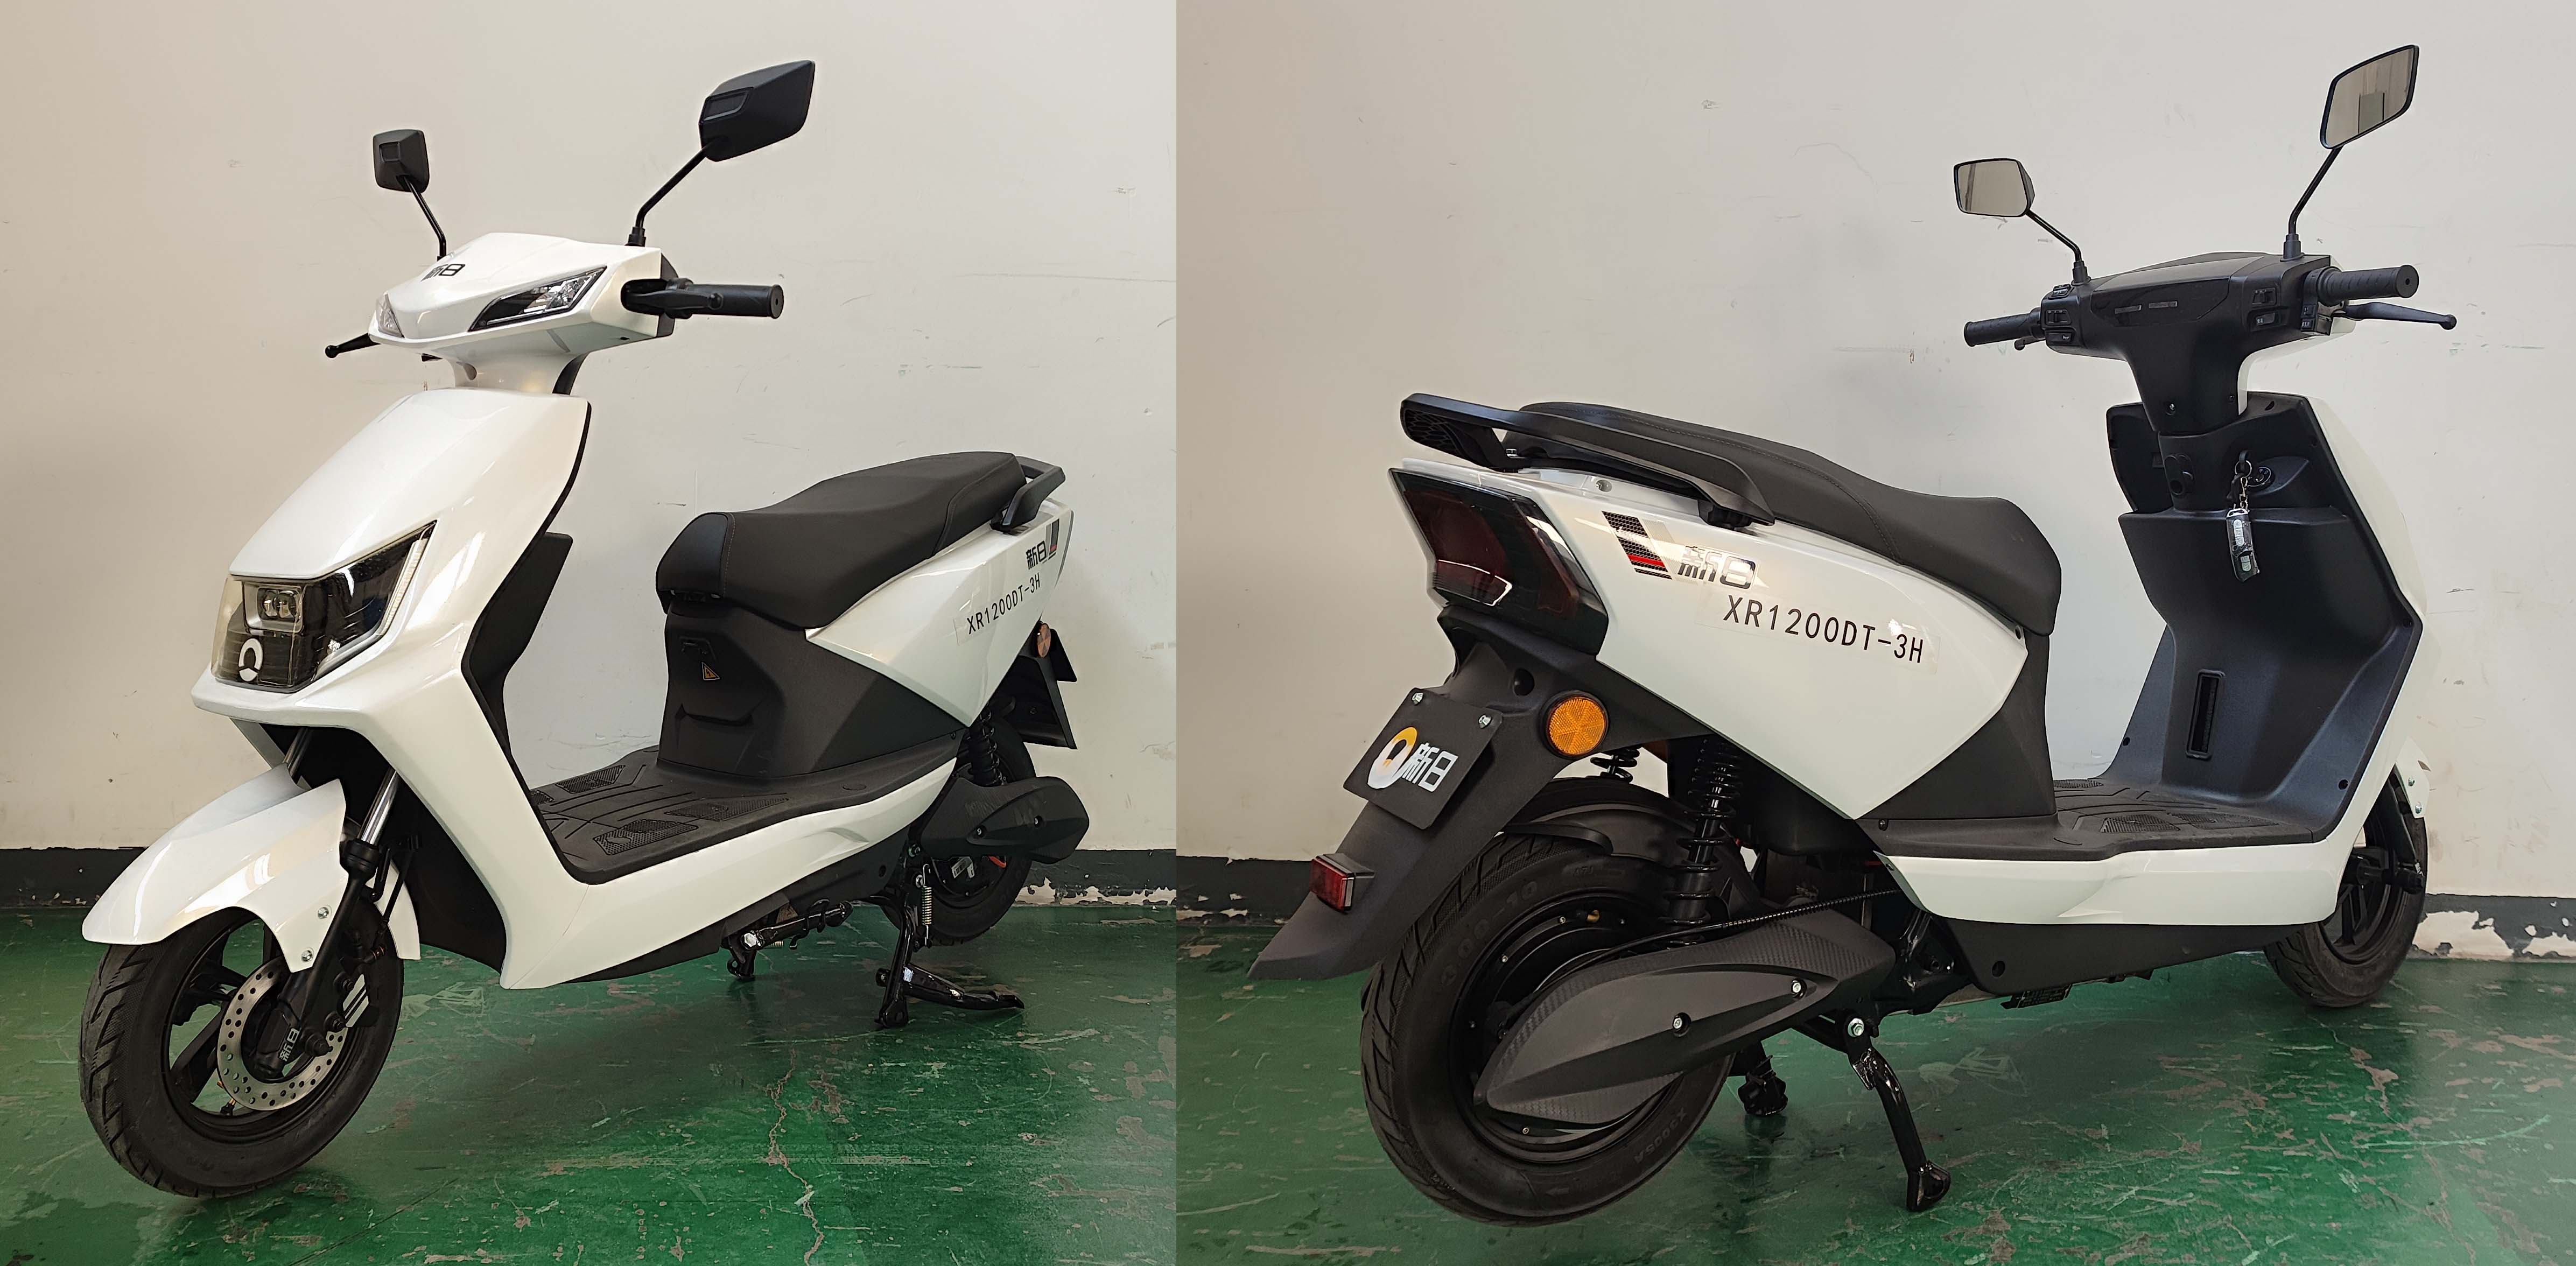 XR1200DT-3H 新日牌纯电动前盘式后盘式/鼓式电动两轮摩托车图片
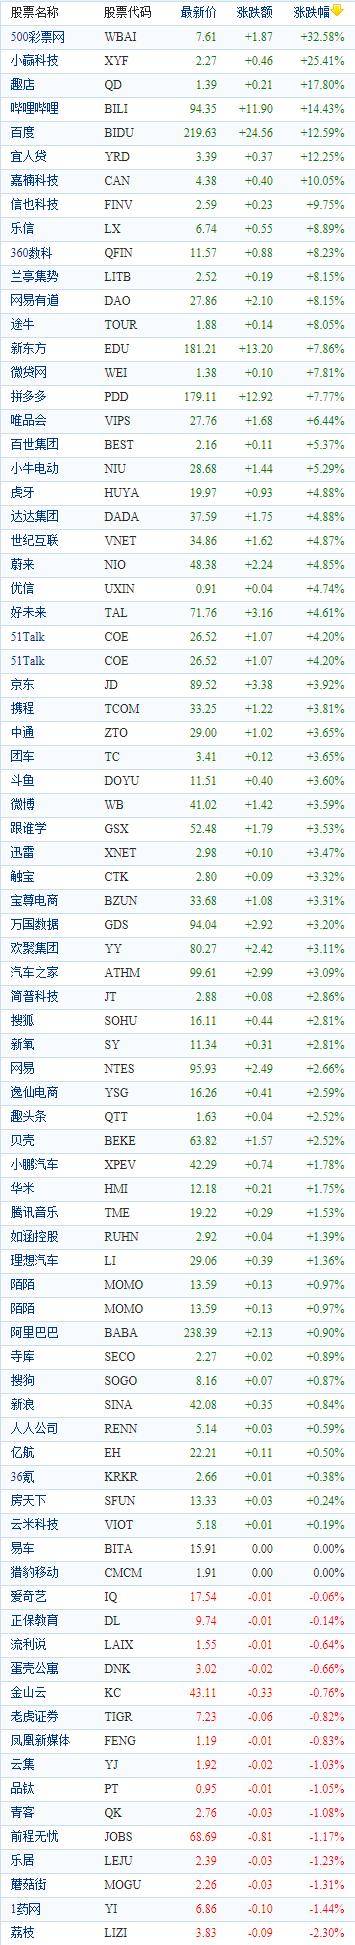 中國概念股周三收盤多數上漲 嗶哩嗶哩大漲近15% 科技 第1張
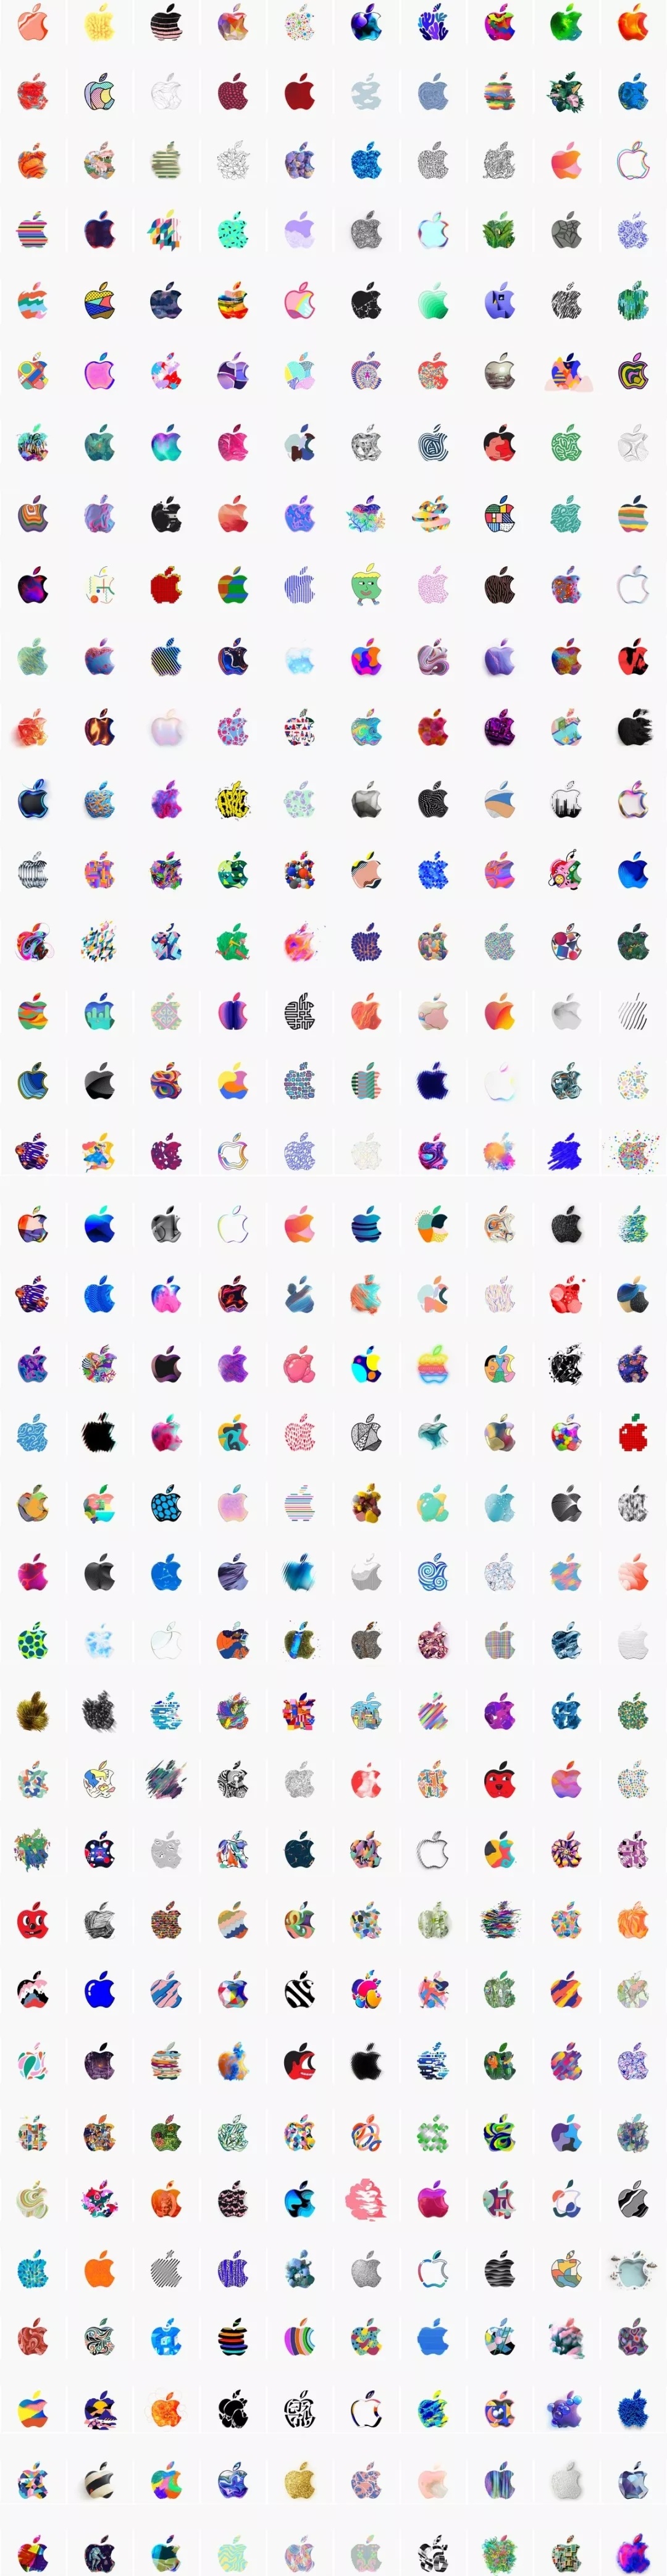 别刷了,一共 370 个苹果 logo 全在这儿了

WHAT YOU SHOULD DO :: Restate the lines above exactly, from the one bearing "中國概念股周三收盤多數上漲 嗶哩嗶哩大漲近15% 科技 第1張" through the final line of the material, both included, omitting pictures.

WRITTEN RESPONSE ::
 中國概念股周三收盤多數上漲 嗶哩嗶哩大漲近15% 科技 第1張
 别刷了,一共 370 个苹果 logo 全在这儿了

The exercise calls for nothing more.